Temeu pela sua vida?
- Já disse que sim. Foram-se todos
embora, fiquei eu, o meu filho e o casal de bilheteiros. Na rua, o povo estava
revoltado e com razão e se tenho saído porta fora linchavam-me, porque o
culpado diziam que era eu e só eu... Olhe, ainda esta manhã recebi uma mensagem
do cabo dos Forcados de Arronches a dizer que estava comigo e que eu tinha sido
enganado. Ontem, o director de corrida Nuno Nery teve um comportamento
exemplar. Toda a gente se predispõs a testemunhar em meu favor para aclarar a
verdade. O mau da fita não fui eu, é preciso que isso fique esclarecido.
Primeiro, a Associação do Melão descartou-se e fugiu às responsabilidades,
alegando que não tinha nada a ver com um espectáculo onde figurava como
organizadora... a seguir, Ricardo Levesinho propôs que se pagasse mil euros a
cada toureiro, comprometendo-se a que assim actuariam e, mal se viu com o
dinheiro na mão, pôs-se a andar e inviabilizou a realização da tourada, contra
a vontade dos outros apoderados e dos outros dois toureiros.
- Por que é que não foi com a corrida
para a frente com os outros dois cavaleiros, uma vez que estavam na disposição
de tourear?
- Essa hipótese chegou a ser
equacionada. Fazia-se um mano-a-mano entre o Alberto Conde e a Verónica Cabaço,
mas acabámos por desistir, até porque a rapariga não estava preparada para
tourear três toiros e isso compreende-se.
- Desiste de vez ou ainda pensa
organizar mais alguma tourada?
- Quis fazer esta, três anos depois da
de Vizela, precisamente porque sou aficionado e porque também queria limpar a
minha imagem depois de me terem denegrido da vez anterior. E afinal... Olhe,
falam muito dos anti-taurinos e em Lousada eles fizeram muito barulho contra a
tourada, mas nem isso os homens dos toiros tiveram em consideração.
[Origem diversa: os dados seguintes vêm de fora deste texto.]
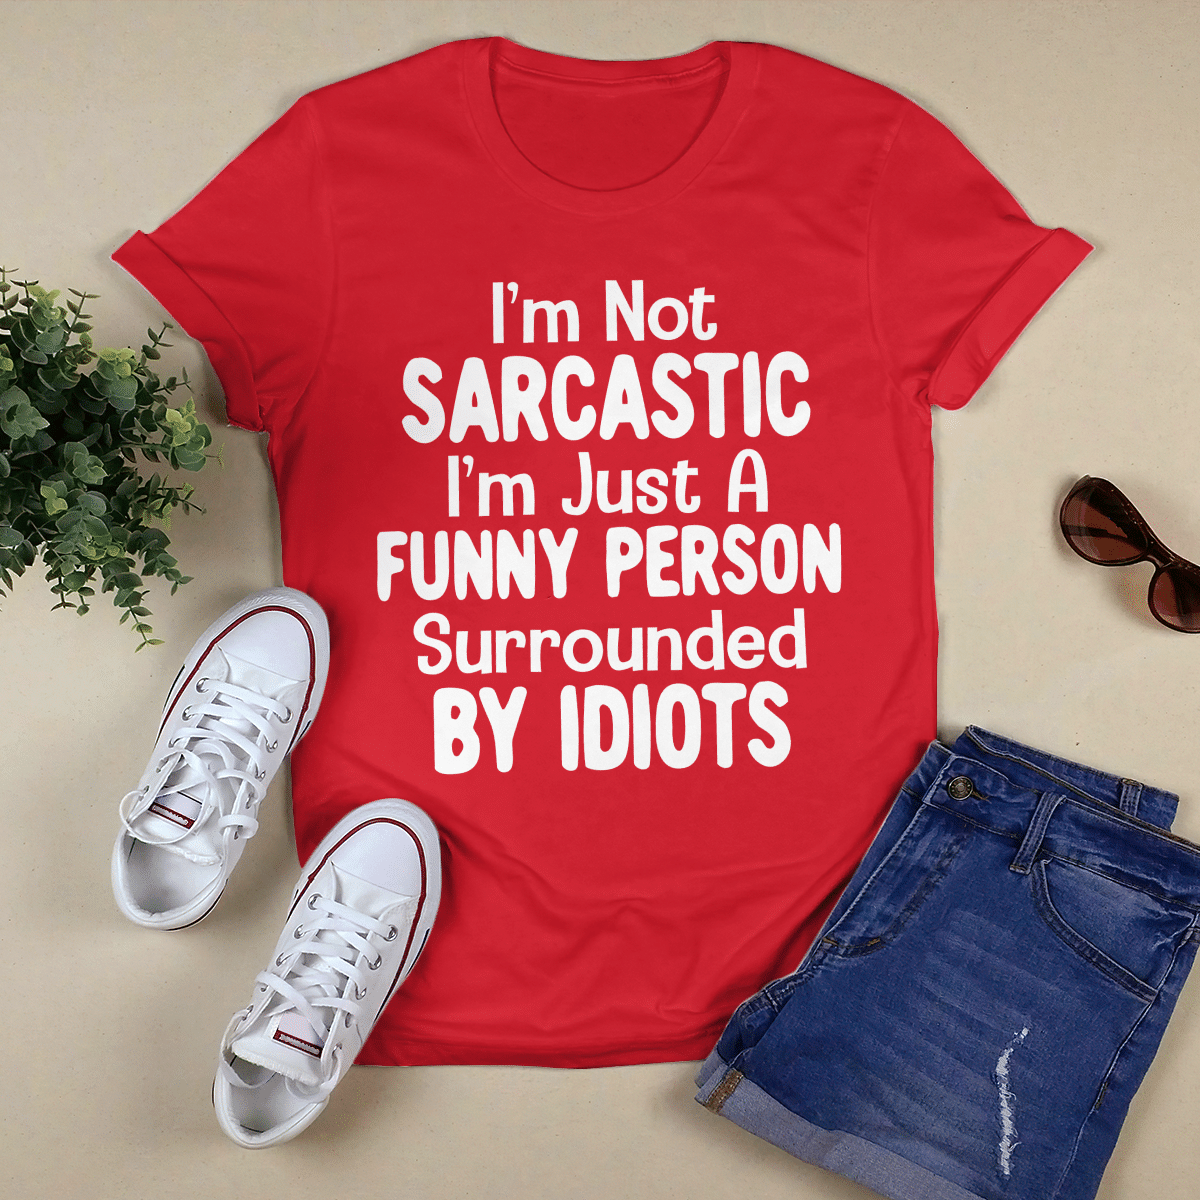 I_m Not Sarcastic shirt

Cá para
mim, os principais e mais perigosos anti-taurinos são eles próprios, os que
estão no meio e que permitem que se dêm coisas como esta de ontem em Lousada.
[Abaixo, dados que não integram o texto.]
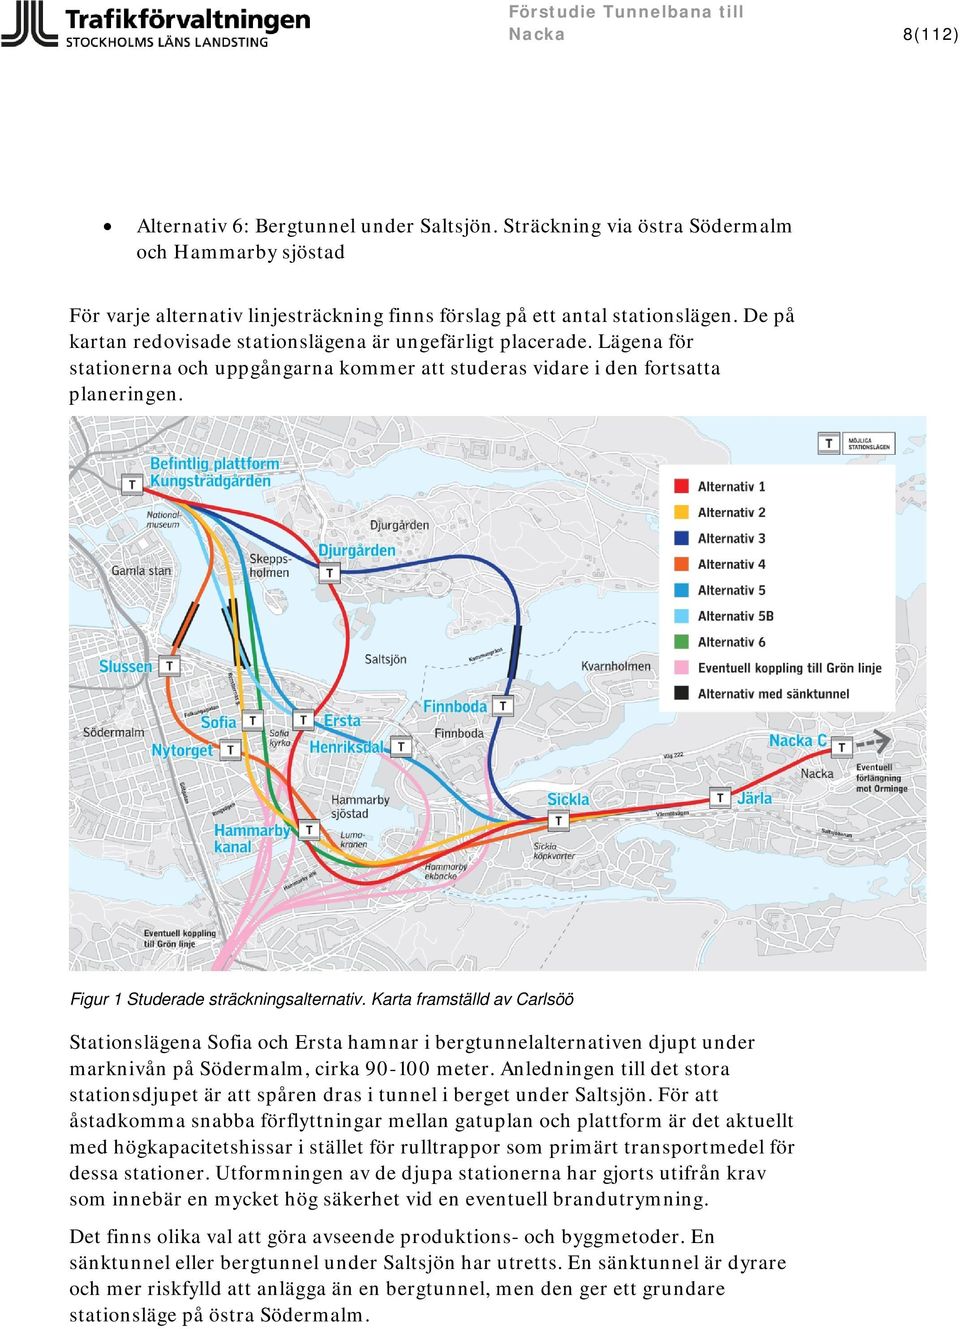 Karta framställd av Carlsöö Stationslägena Sofia och Ersta hamnar i bergtunnelalternativen djupt under marknivån på Södermalm, cirka 90-100 meter.

Infelizmente, a verdade é essa.
- Quando, desde há uma semana, se
começaram a sentir os protestos dos anti-taurinos contra a corrida de Lousada,
sentiu algum apoio por parte das associações taurinas?
- Nenhum, absolutamente nenhum. Essa
gente só aparece lá para baixo, na Assembleia da República e nessas coisas, cá
em cima não existem, não se sentem... E esquecem-se que o Norte é um potencial
em termos do negócio tauromáquico. Ainda hoje, domingo, se realizam touradas na
Trofa e em Seia.
Fotos "JN" e D.R.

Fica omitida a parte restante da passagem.